Below are seven flipbook styles you can use for your flipbooks. You can adapt how each publication looks and behaves to suit different content, brands, and reading preferences, so one system stays flexible across many kinds of projects.
Our default 3D flipbook delivers a smooth page-turn with depth and lighting that feels close to a printed book. It suits catalogs, magazines, and any PDF you want to present with a polished, interactive look.
The 2D flipbook uses a flat page flip without 3D perspective. It is lightweight and fast, ideal when you want clarity and performance on every device, from phones to large desktops.
Realistic flipbook adds a hard-cover look with a spine and cover treatment that resembles a physical volume. Use it for premium reports, portfolios, and branded publications.
Binder flipbook shows a spiral-bound style along the edge, perfect for manuals, training packs, and handbooks where a technical or workbook feel fits your content.
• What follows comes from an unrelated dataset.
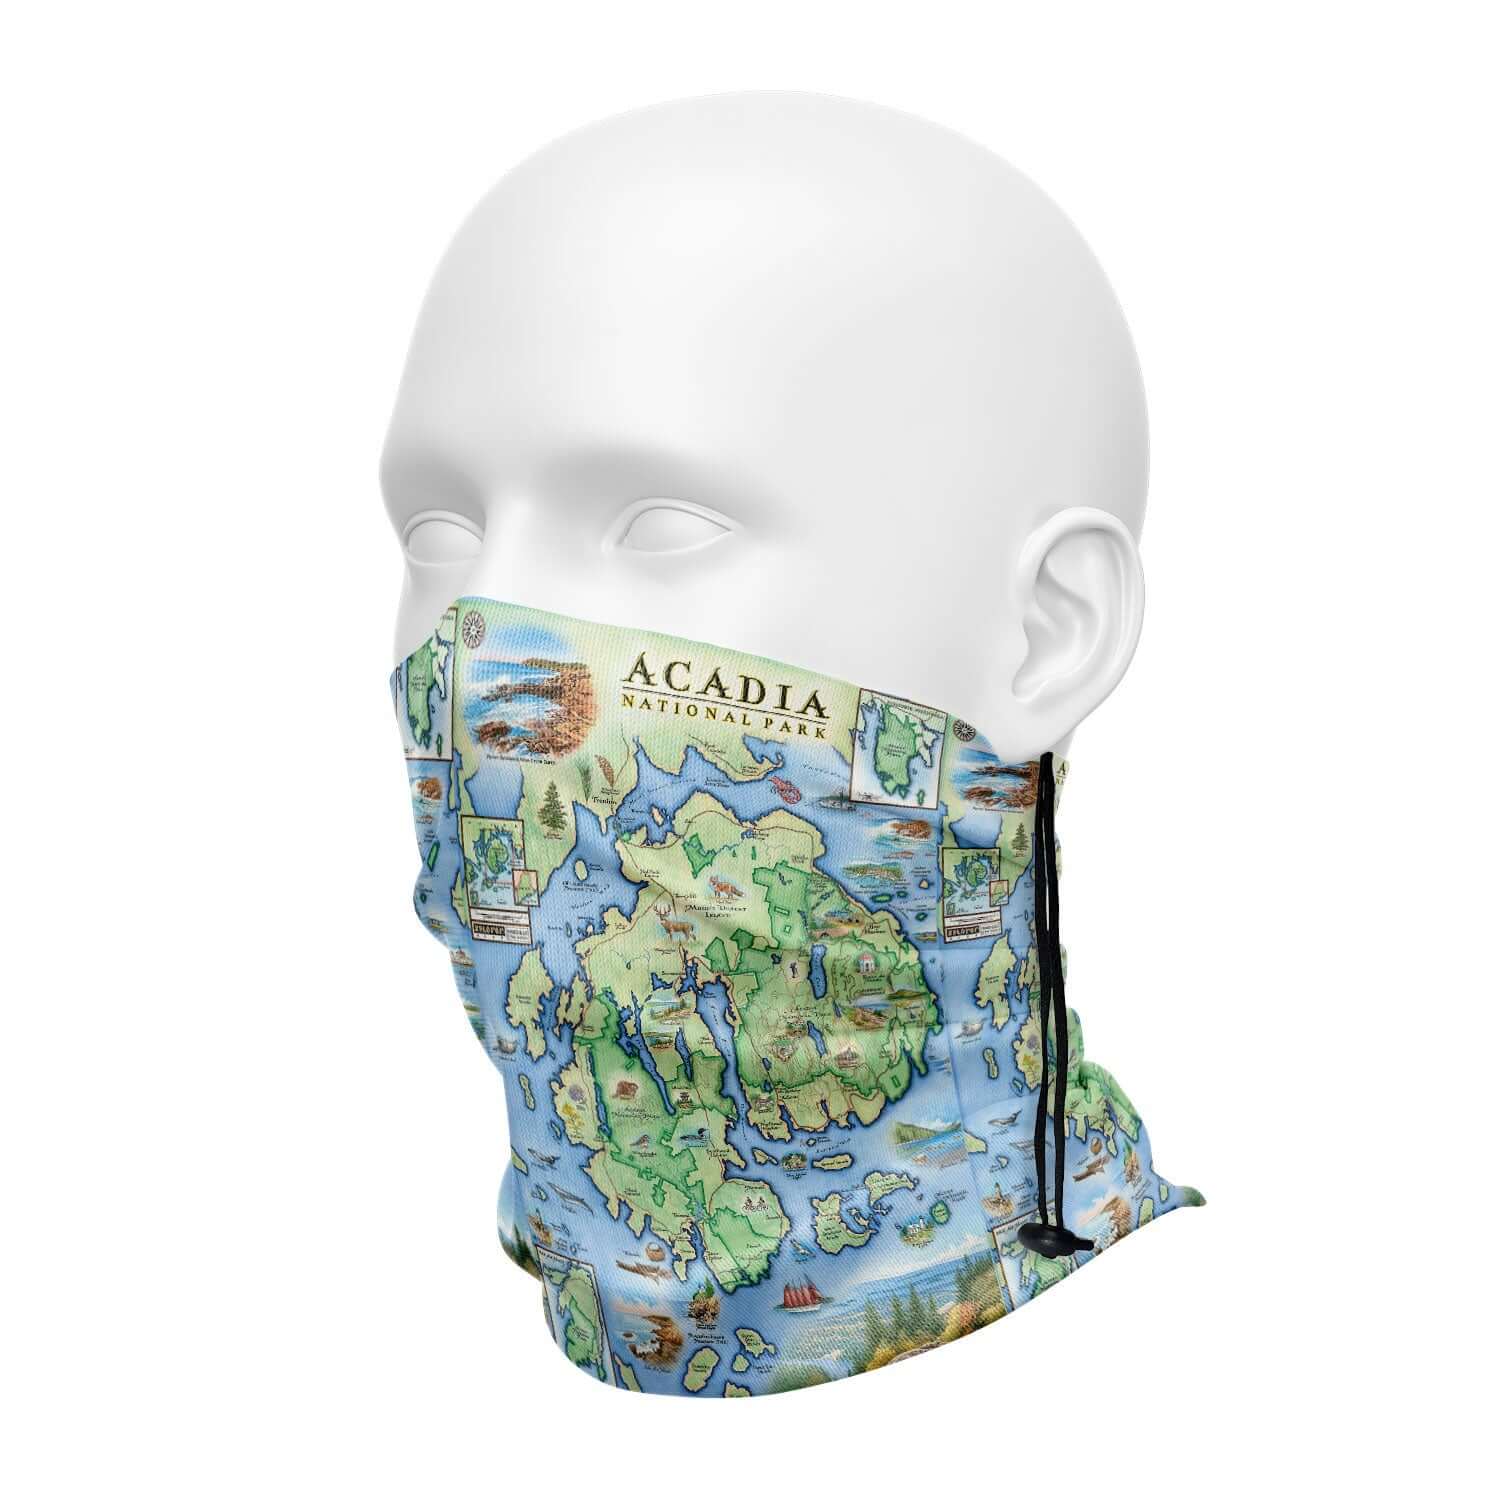 Maine's Acadia National Park Map Neck Gaiter or face covering in earth tones features Cadillac Mountains, lobster, fishing boats. 
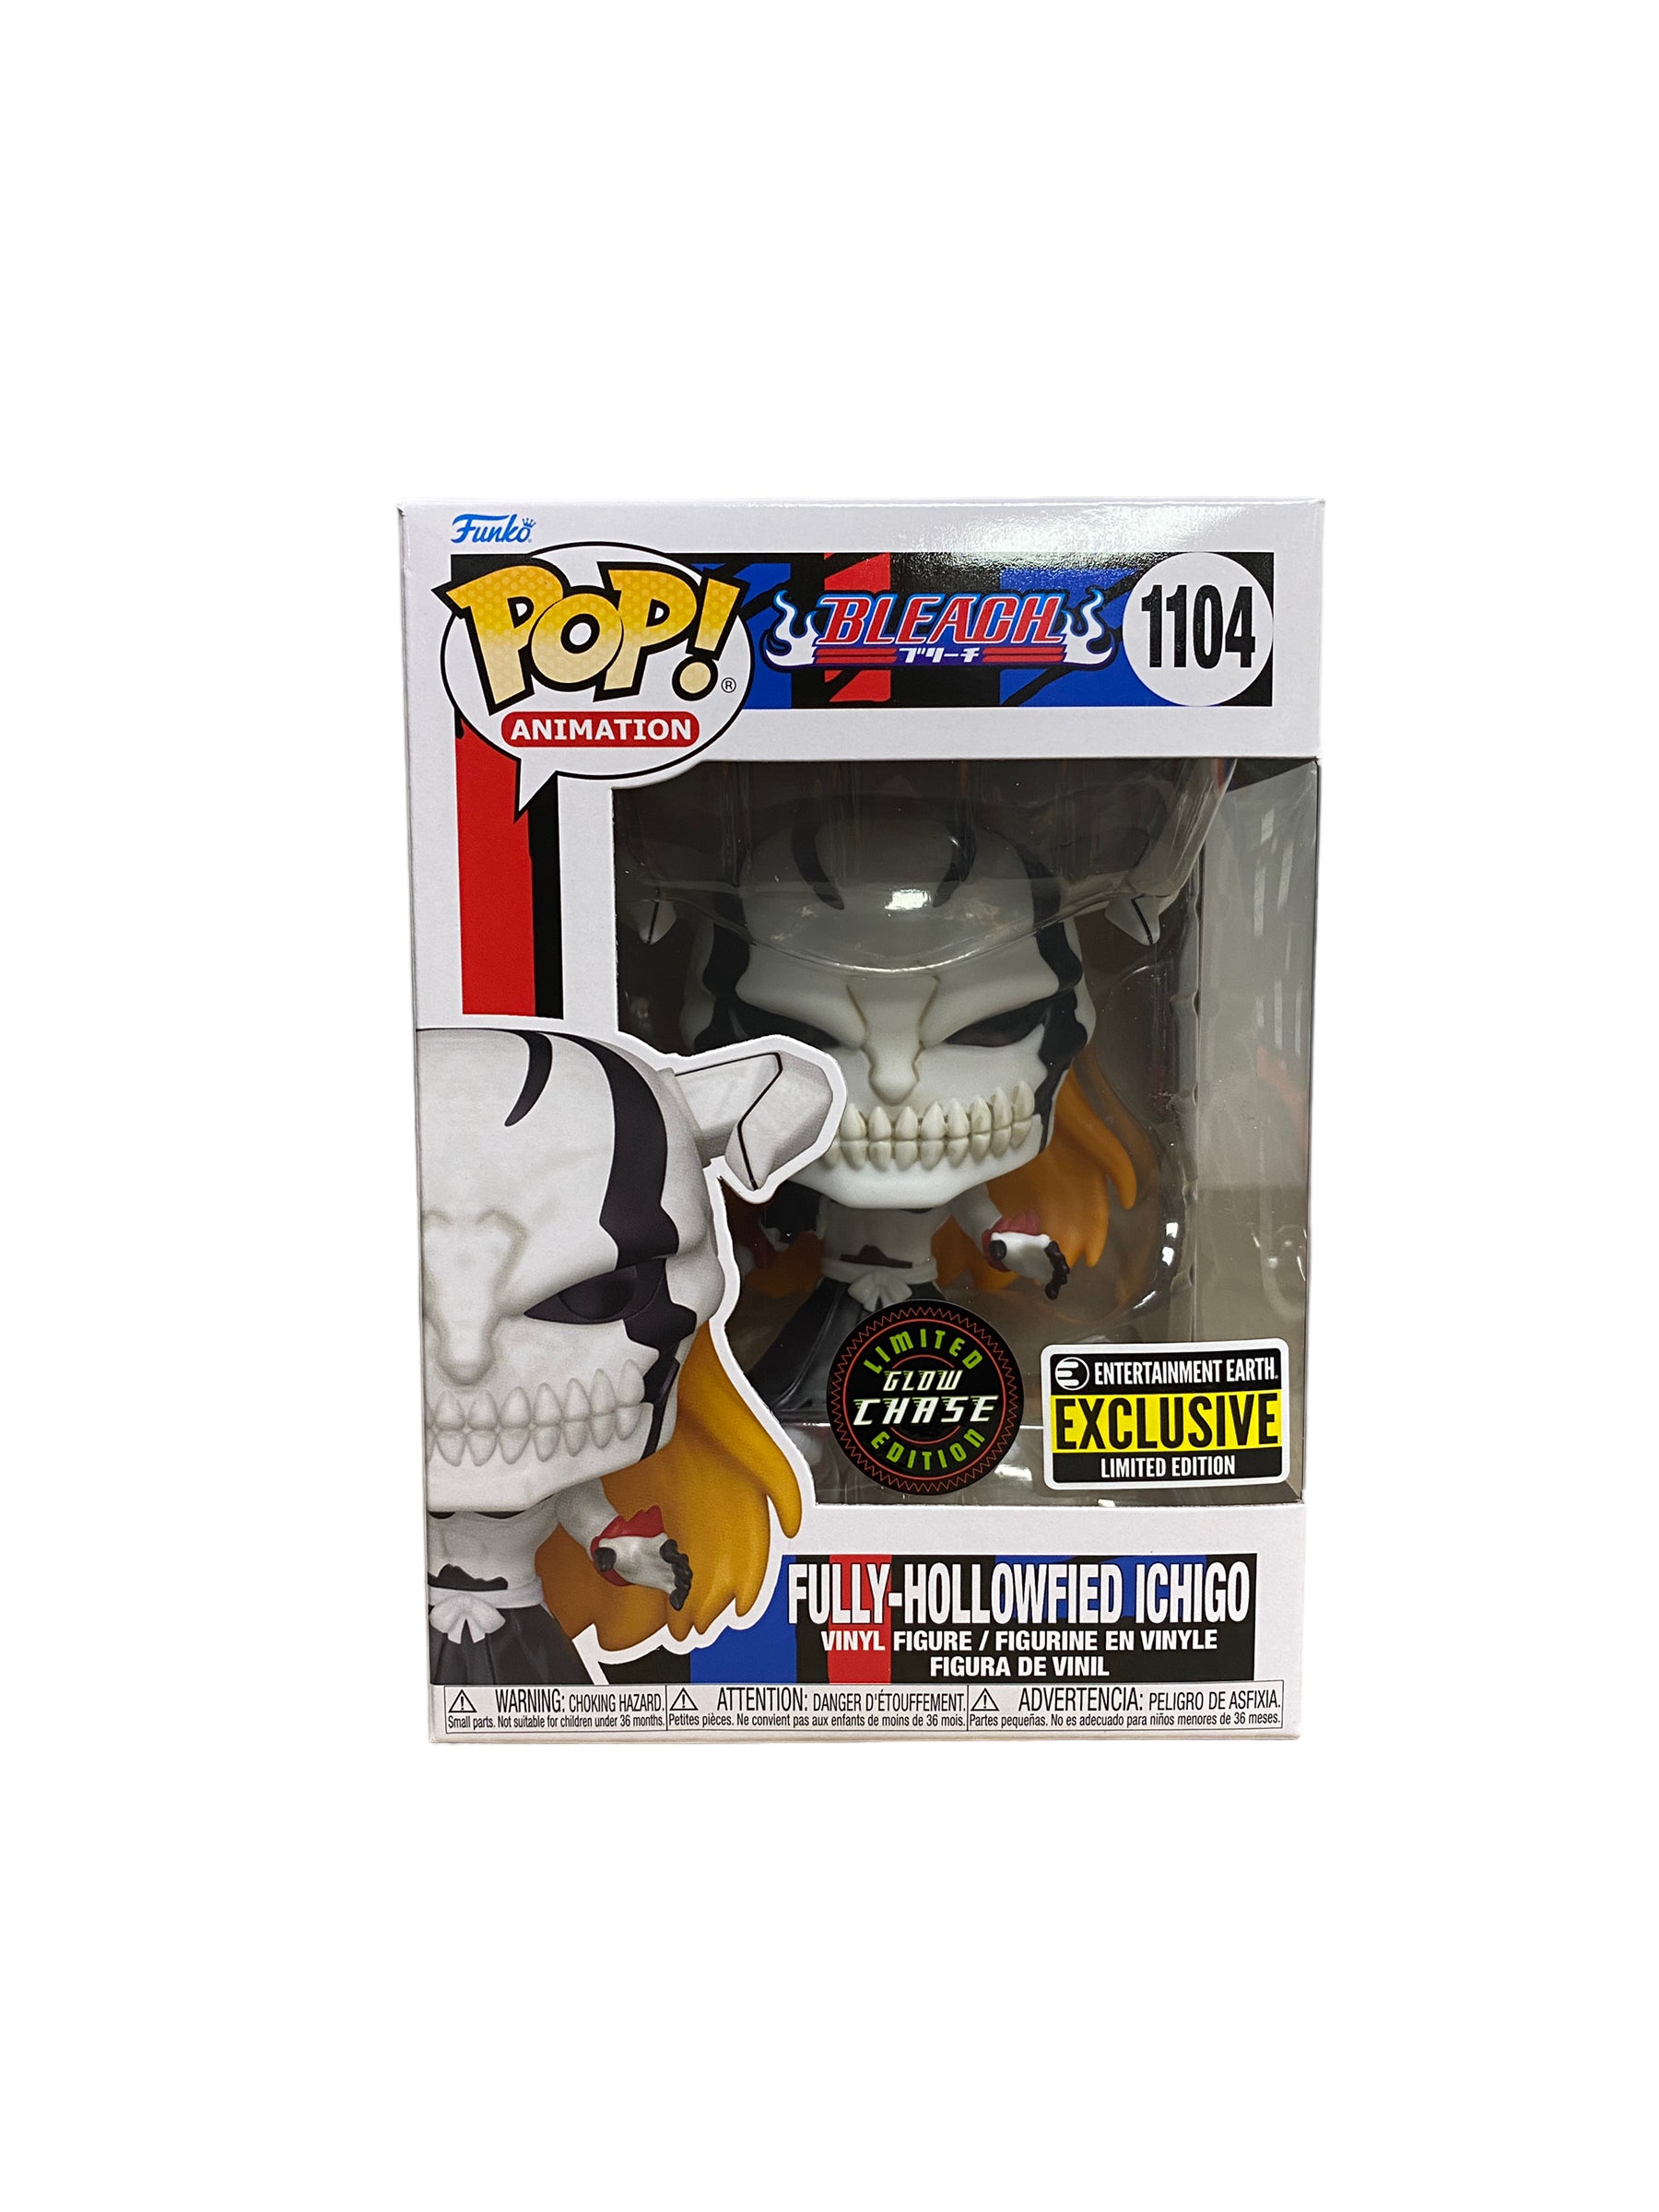 Fully-Hollowfied Ichigo #1104 (Glow Chase) Funko Pop! - Bleach - Entertainment Earth Exclusive - Condition 8.75/10

Vertical calendar flipbook flips pages upward and downward like a wall or desk calendar. You can show it with spiral binding along the edge or turn the binder off for a clean edge; either way works. The sample uses binder on so you can see the ring-bound look. It is a natural fit for tall artwork, planners, and seasonal campaigns where you want a clear vertical flow instead of a side-by-side spread.
Slider mode moves pages horizontally in a slide-style view instead of a fold. Pages glide past one another like a carousel, so the motion stays simple and quick on touchscreens and trackpads. Readers who prefer swiping through slides or wide spreads often find this layout more natural for presentations, lookbooks, and image-led PDFs where each screen is meant to stand on its own.
Vertical reader stacks pages in a scrolling column, similar to reading a long article or PDF on mobile. There is no fold animation; readers simply scroll through the full height of each page, which feels familiar from browsers and news apps. It works well for text-heavy documents, reports, and newsletters where you want linear reading and comfortable one-thumb browsing on phones.